Uganda will be the third country to deploy troops after contingents from Kenya and Burundi arrived in the eastern Democratic Republic of Congo.
The Ugandan army said Monday it will send 1,000 troops to the neighboring Democratic Republic of Congo (DRC) later this month to join a regional force mandated to help end decades of instability.
The seven countries of the East African Community (EAC), which the DRC joined this year, agreed in April to set up a force to fight militant groups in the east.
Uganda will be the third country to deploy troops after contingents from Kenya and Burundi have arrived in the area, said Ugandan army spokesman Felix Kulayigye. But some activist groups and officials have opposed their participation because of Uganda’s role in the DRC conflict.
In September, Uganda paid Congo $65 million, the first payment of $325 million in reparations for losses caused by Ugandan troops occupying Congolese territory in the 1990s.
Eastern Democratic Republic of Congo is already home to hundreds of Ugandan troops, deployed nearly a year ago under a separate bilateral agreement to help hunt down ISIL’s ally group, the Allied Democratic Forces (ADF).
Despite billions of dollars spent on one of the United Nations’ largest peacekeeping forces, more than 120 armed groups continue to operate in large swathes of eastern Congo, including the M23 rebels, whom the Congo has repeatedly accused Rwanda of supporting. Kigali denies the claims.

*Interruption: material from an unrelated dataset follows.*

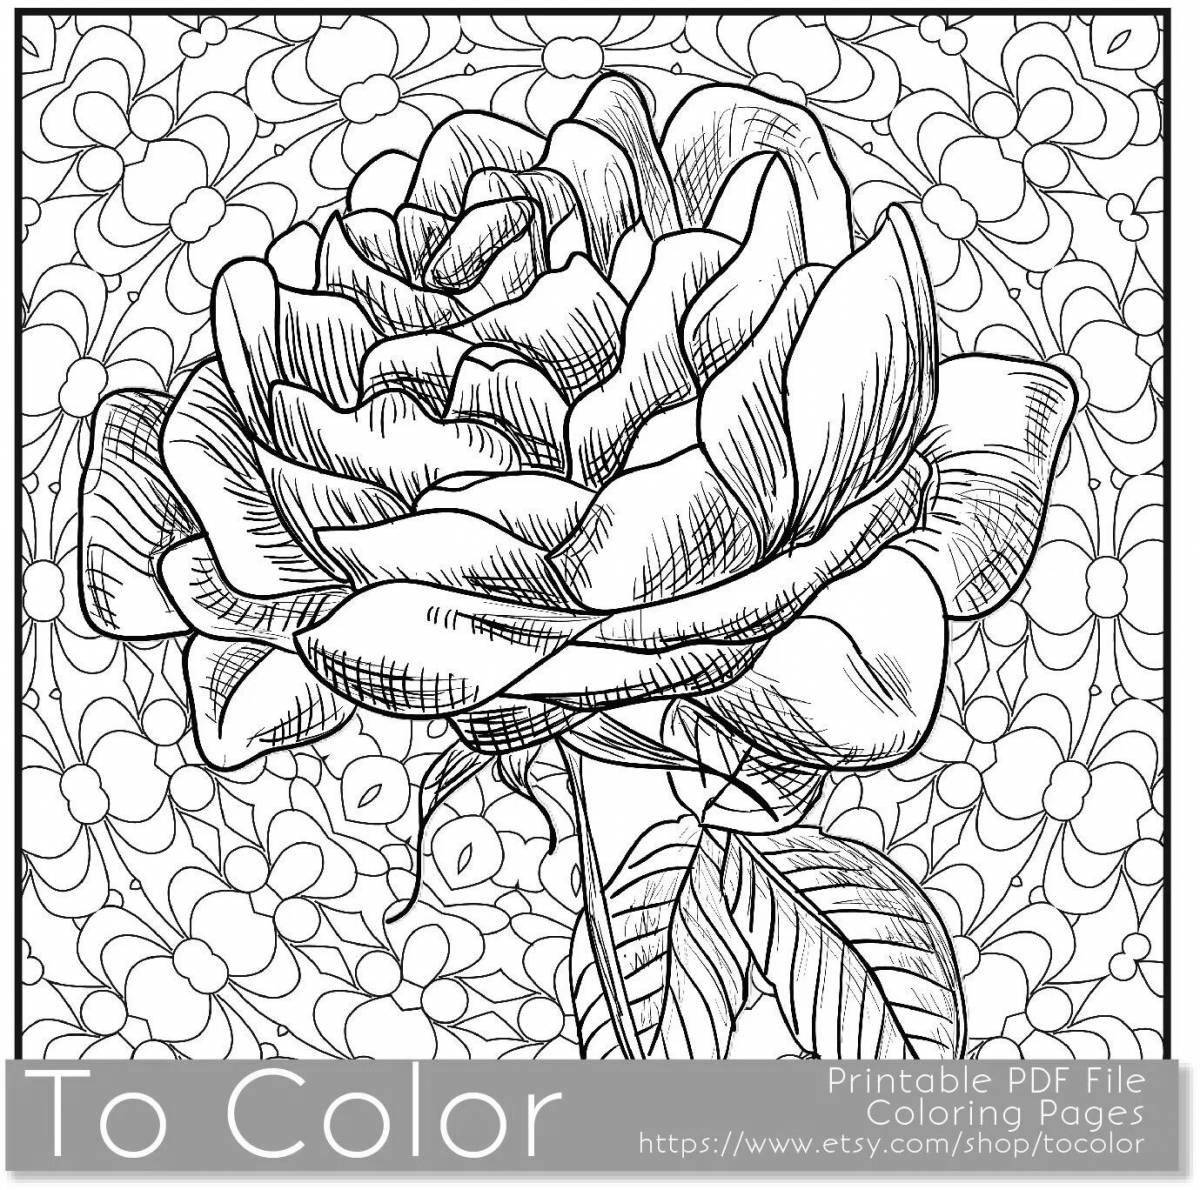 Impeccable coloring beautiful and complex flowers
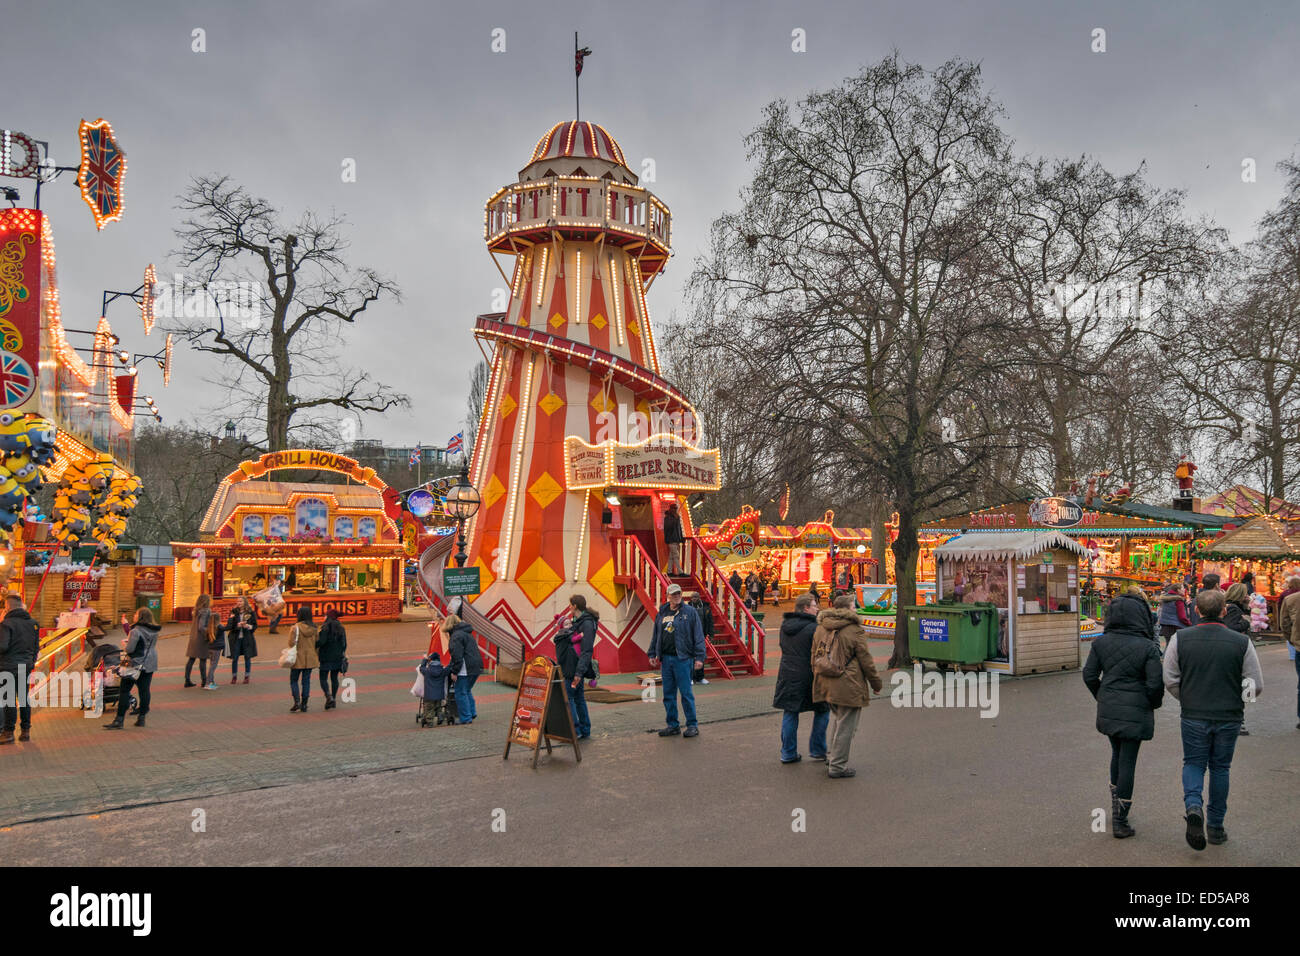 LONDON WINTER WONDERLAND IN HYDE PARK A LANE WITH HELTER SKELTER AND FOOD STALLS Stock Photo

The UN says it found evidence contrary to Kigali’s claims.
The M23 has carried out a major offensive this year, seizing territory, forcing thousands of people from their homes and sparking a diplomatic row between Congo and Rwanda.
On Friday, the EAC said former Kenyan President Uhuru Kenyatta and Rwandan President Paul Kagame had agreed on the need for the M23 rebels to cease fire and withdraw from captured territory.